La definizione e la classificazione delle patologie venose riscontrate in ambito clinico sono spesso eterogenee e influenzate dalla tipologia di valutazione dei segni e dei sintomi manifestati dai pazienti. Ai fini di risolvere tale eterogeneità, nel 1994 una commissione costituita da specialisti provenienti da differenti nazioni, ha ipotizzato e realizzato un sistema classificativo innovativo con l’obiettivo di definire una nuova modalità standardizzata di valutazione delle flebopatie. Tale sistema è stato denominato CEAP, in quanto si basa sui seguenti criteri: Clinici (C), Eziologici (E), Anatomici (A) e Fisiopatologici (P).
Una prima analisi del paziente deve essere effettuata per ricercare la presenza dei fattori che possono predisporre all’insorgenza della malattia venosa oppure che contribuiscono allo sviluppo di alcune complicanze quali la trombosi venosa superficiale (TVS), trombosi venosa profonda (TVP), embolia polmonare (EP) o ulcere (Tabb. I,II). Tra i fattori predisponenti un ruolo importante è svolto dalla familiarità. Sinora non è stata dimostrata una trasmissione genetica della patologia. La presenza di una predisposizione familiare si riscontra tuttavia nell’85% dei casi di varici agli arti inferiori; nel 22% dei casi la patologia insorge in pazienti che non riferiscono alcuna familiarità.

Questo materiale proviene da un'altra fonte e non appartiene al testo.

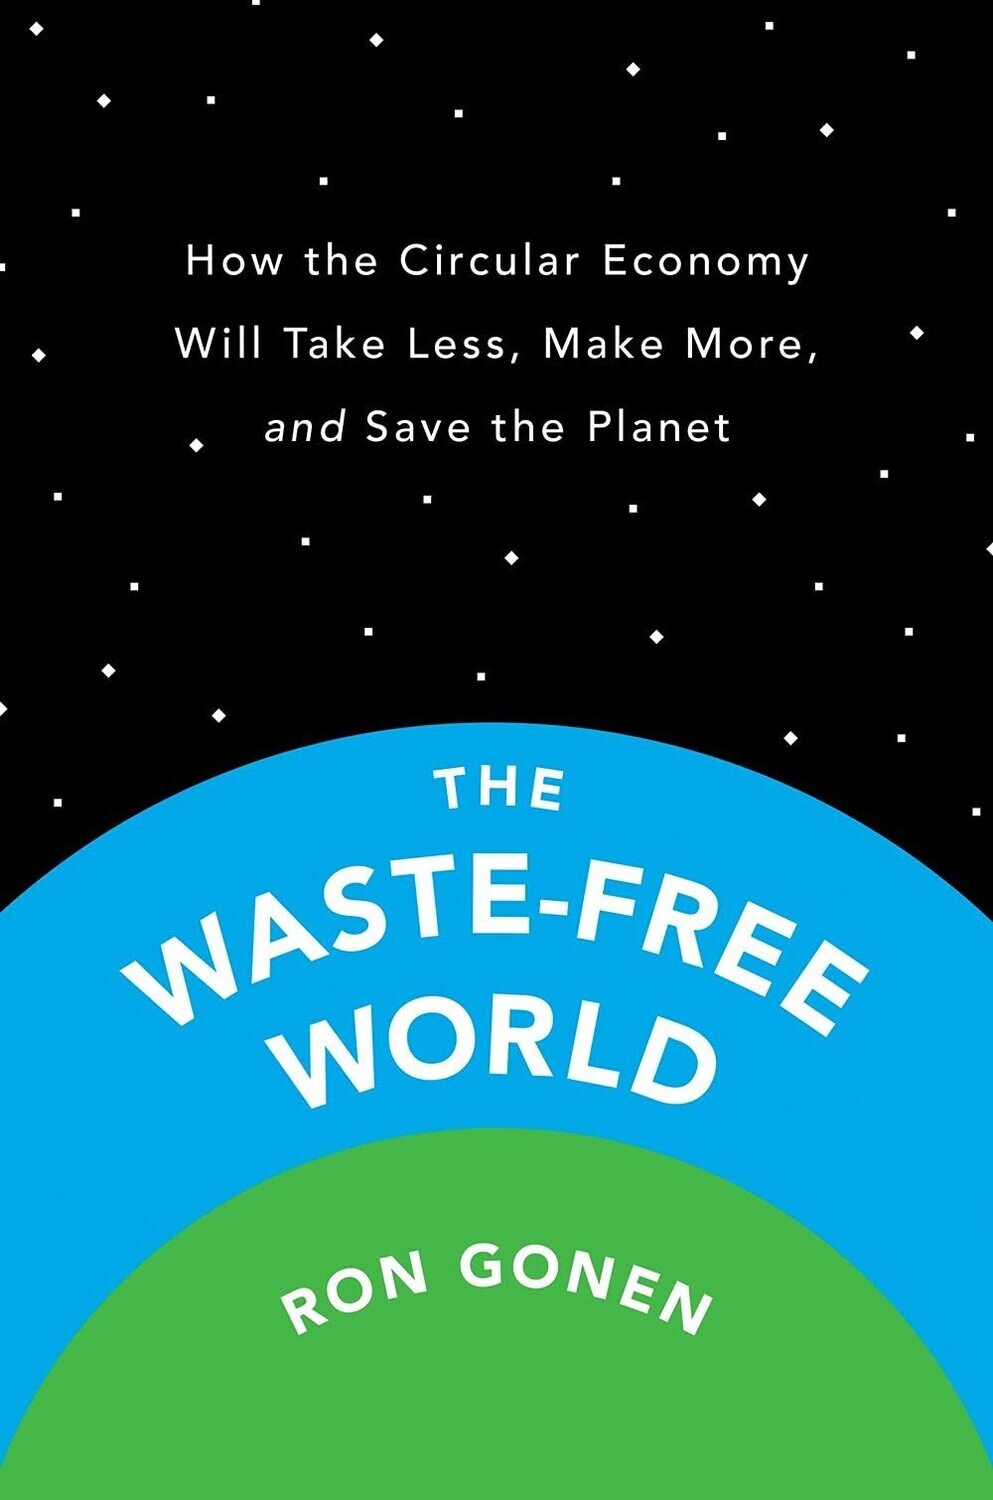 Book - The Waste-Free World: How the Circular Economy Will Take Less, Make More, and Save the Planet

Come evidenziato nell’ambito di numerosi studi epidemiologici, l’incidenza delle varici sembrerebbe essere correlata con la gravidanza e con il numero dei parti espletati: da un’incidenza pari al 4-26%, riscontrata nelle donne nullipare, essa aumenta fino al 10-63% nelle donne che hanno avuto figli. Un ulteriore fattore clinico da prendere in considerazione è il peso corporeo. Infatti, i soggetti in sovrappeso, soprattutto se di sesso femminile e residenti in aree civilizzate, sono maggiormente affetti da IVC e da malattia varicosa rispetto a soggetti di peso normale: la prevalenza varia dal 25 ad oltre il 70% (in entrambi i sessi) nel primo gruppo rispetto al 16-45 % del secondo.
Le ulcere venose in fase attiva si riscontrano in circa lo 0,3% della popolazione adulta occidentale e con una prevalenza complessiva di ulcere attive e guarite pari all’1%; nel sottogruppo di soggetti con età superiore a 70 anni, la prevalenza di ulcere venose sale al 3%. Nell’ambito della patologia venosa, è inoltre importante valutare il rischio e gestire la possibile insorgenza di complicanze, quali la trombosi venosa, sia superficiale che profonda,e il tromboembolismo.
Che cos’è la tromboflebite superficiale?
Tra i fattori di rischio, la gravidanza rappresenta un fattore predisponente non solo alla TVP, come comunemente considerato, ma frequentemente anche alla tromboflebite superficiale.
Con una frequenza più rara, la tromboflebite superficiale può localizzarsi in altri distretti quali la vena toracica laterale (nella malattia di Mondor), la vena dorsale del pene, le vene dell’avambraccio (nelle tromboflebiti suppurative da cateterismo).
La tromboflebite superficiale, oltre a costituire una complicanza della patologia venosa, può insorgere anche su una vena precedentemente sana. Anche se la patologia viene considerata benigna, dalle evidenze pubblicate in letteratura emerge come l’evoluzione di una tromboflebite superficiale in trombosi venosa profonda e in embolia polmonare rappresenti una evenienza tutt’altro che rara.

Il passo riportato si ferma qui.